PORT-AU-PRINCE (Reuters) – Impoverished Haiti, long afflicted by political turmoil and natural disasters, will hold presidential and legislative elections on Sunday under the scourge of a deadly cholera epidemic.
With dozens of cholera victims dying each day and the death toll climbing well over 1,250, Haitians are being asked to elect a new president, a 99-member parliament and 11 members of the 30-seat Senate to lead the recovery of the Caribbean nation following a crippling January earthquake.
Reports that Nepalese UN peacekeepers brought the cholera to Haiti — a theory rebuffed as inconclusive so far by the United Nations — have triggered anti-UN riots and protests, complicating both the task of organizing the polls and the struggling international aid response to the cholera outbreak.
Here are some questions and answers about the elections:
Can Haiti hold successful elections under such conditions?
Haiti’s government has not moved to postpone the polls and Edmond Mulet, the head of the 12,000-strong UN peacekeeping mission in Haiti (MINUSTAH), says the logistical, technical and security aspects are in place to hold credible elections.
But the raging cholera epidemic has created a new national emergency for Haiti, stirring anger, fear and uncertainty among its population of 10 million who are already traumatized from the January 12 earthquake that killed more than 250,000 people.

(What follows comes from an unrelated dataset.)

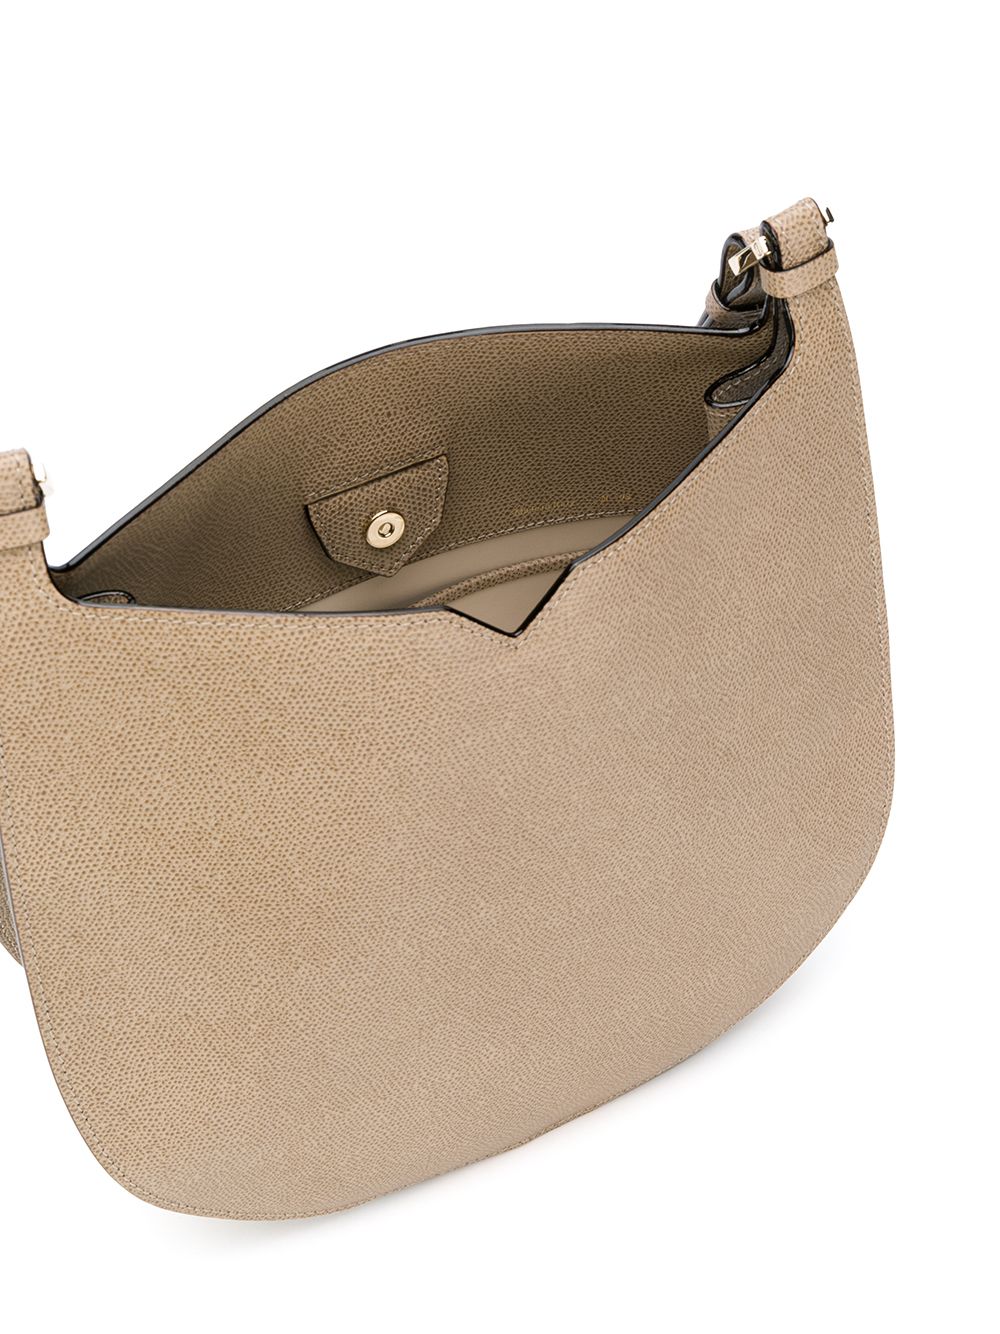 Valextra VALEXTRA- Leather Medium Hobo Bag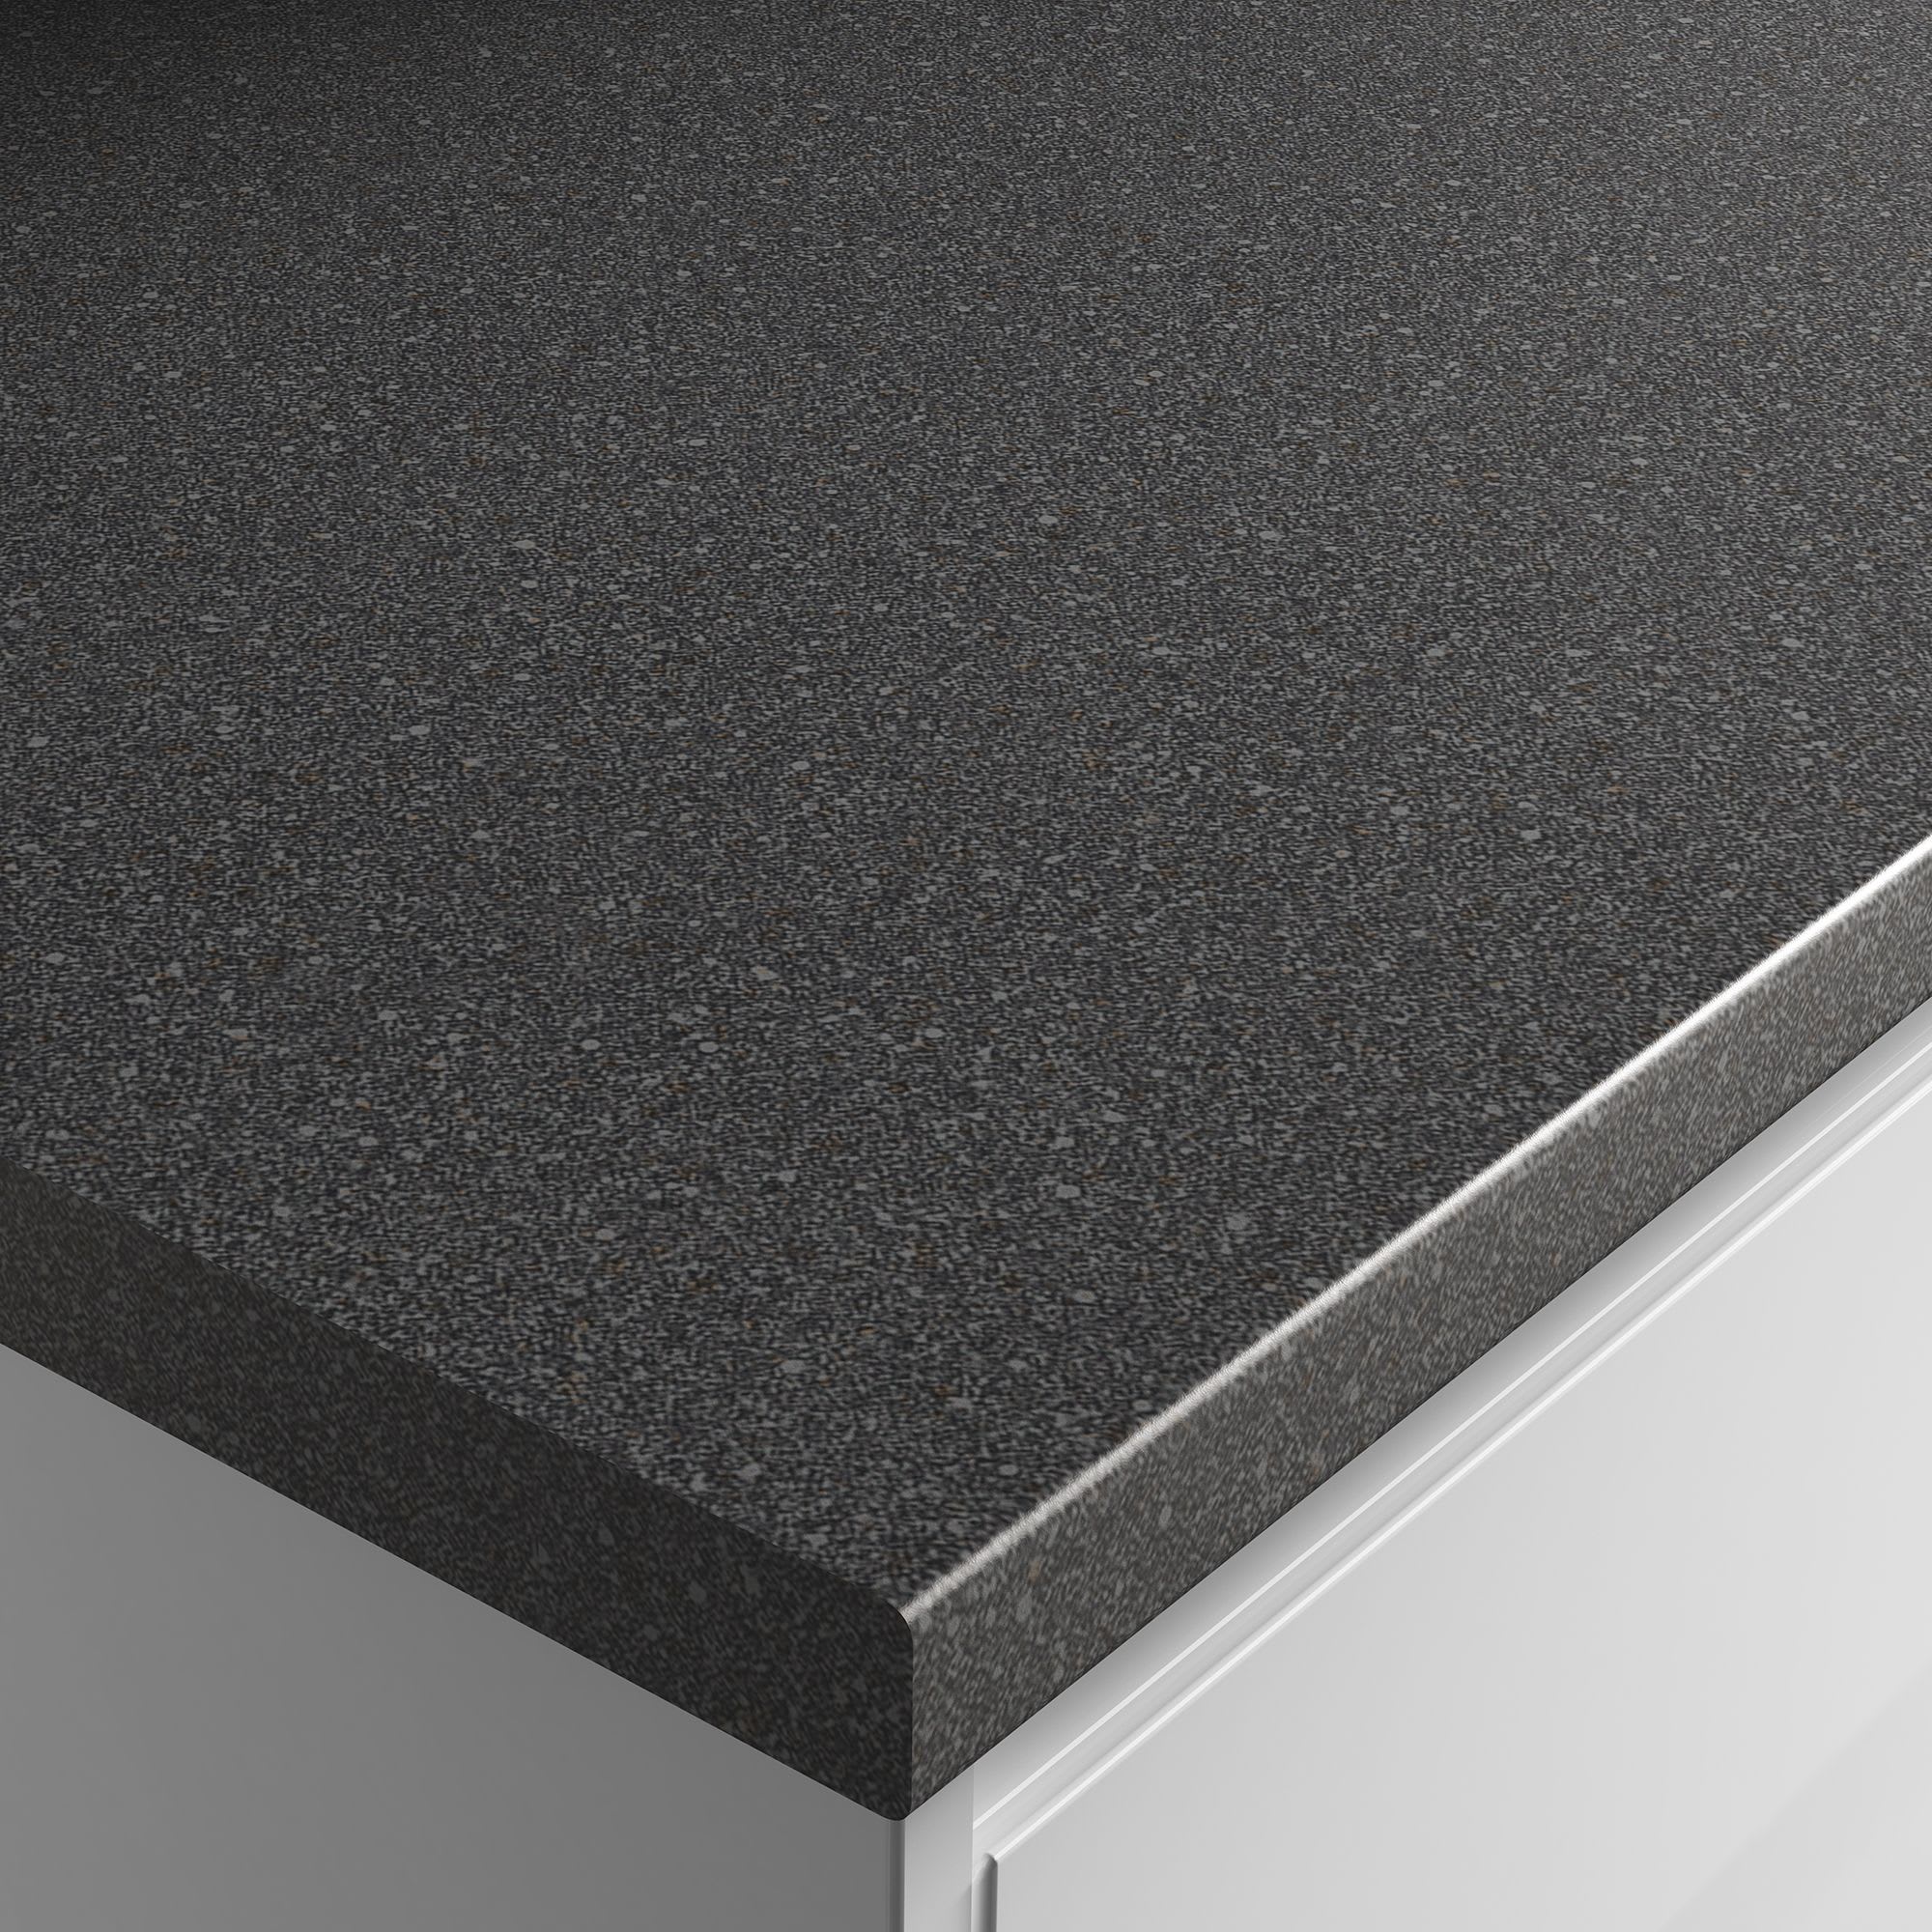 Noir Granite Laminate Worktop - 600mm x 28mm

Election campaigning was cut back in the central regions worst affected by the cholera and was further disrupted in the north by several days of anti-UN riots last week in which at least two people were killed and dozens wounded.
UN personnel have been helping to set up polling stations and with the distribution of ballot papers. But their logistical resources have been stretched as planes, helicopters, trucks and troops are also needed to assist the UN-led international cholera response which aid workers say is currently not enough to stem the epidemic.
The violent anti-UN riots in the northern city of Cap-Haitien have raised questions about whether the UN peacekeepers can effectively fulfil their electoral security role, if they themselves are the targets of attacks.
UN officials blame the anti-UN attacks on criminal and political “spoilers” bent on sabotaging the Nov. 28 elections.
Some politicians wonder whether voters will participate when they are preoccupied with escaping the cholera and eking out a daily livelihood in a country with an economy shattered by the earthquake 10 months ago.
Several of the 19 presidential candidates have called for the vote to be postponed. But UN mission chief Mulet says “the vast majority of Haitians want elections.”
Many politicians and analysts say the risks of not holding elections in the volatile country and the dangers of creating a political vacuum far outweigh the humanitarian, logistical and security challenges of going ahead with the polls.
“Neither the earthquake, nor the cholera can stop the elections,” Mirlande Manigat, a former Haitian first lady and one of the leading presidential candidates, told Reuters.
Can the vote be free, fair and transparent?
Apart from the organizational challenges of the Nov. 28 elections, the polls also face credibility issues in a country where electoral politics have for years been polarizing and contentious, and often chaotic and violent.
Doubts have been cast on the impartiality of the electoral authority, the Provisional Electoral Council (CEP), which has registered 19 presidential candidates, 120 Senate and 900 Chamber of Deputies candidates, and 66 political parties.
“Unresolved discord between the executive and opposition parties over the CEP’s composition and perceived bias in favour of outgoing President Rene Preval adds to the credibility challenge,” the Brussels-based International Crisis Group (ICG) said in a report last month on the Haitian electoral process.
A group of US Democratic lawmakers also expressed concerns in October that the electoral council had excluded from the polls candidates from more than a dozen parties, including the country’s largest, Fanmi Lavalas, loyal to exiled former President Jean-Bertrand Aristide.
The lawmakers told US Secretary of State Hillary Clinton that “running transparently unfair, exclusive elections, with the support of the international community” could be a “recipe for disaster” for the future of Haiti.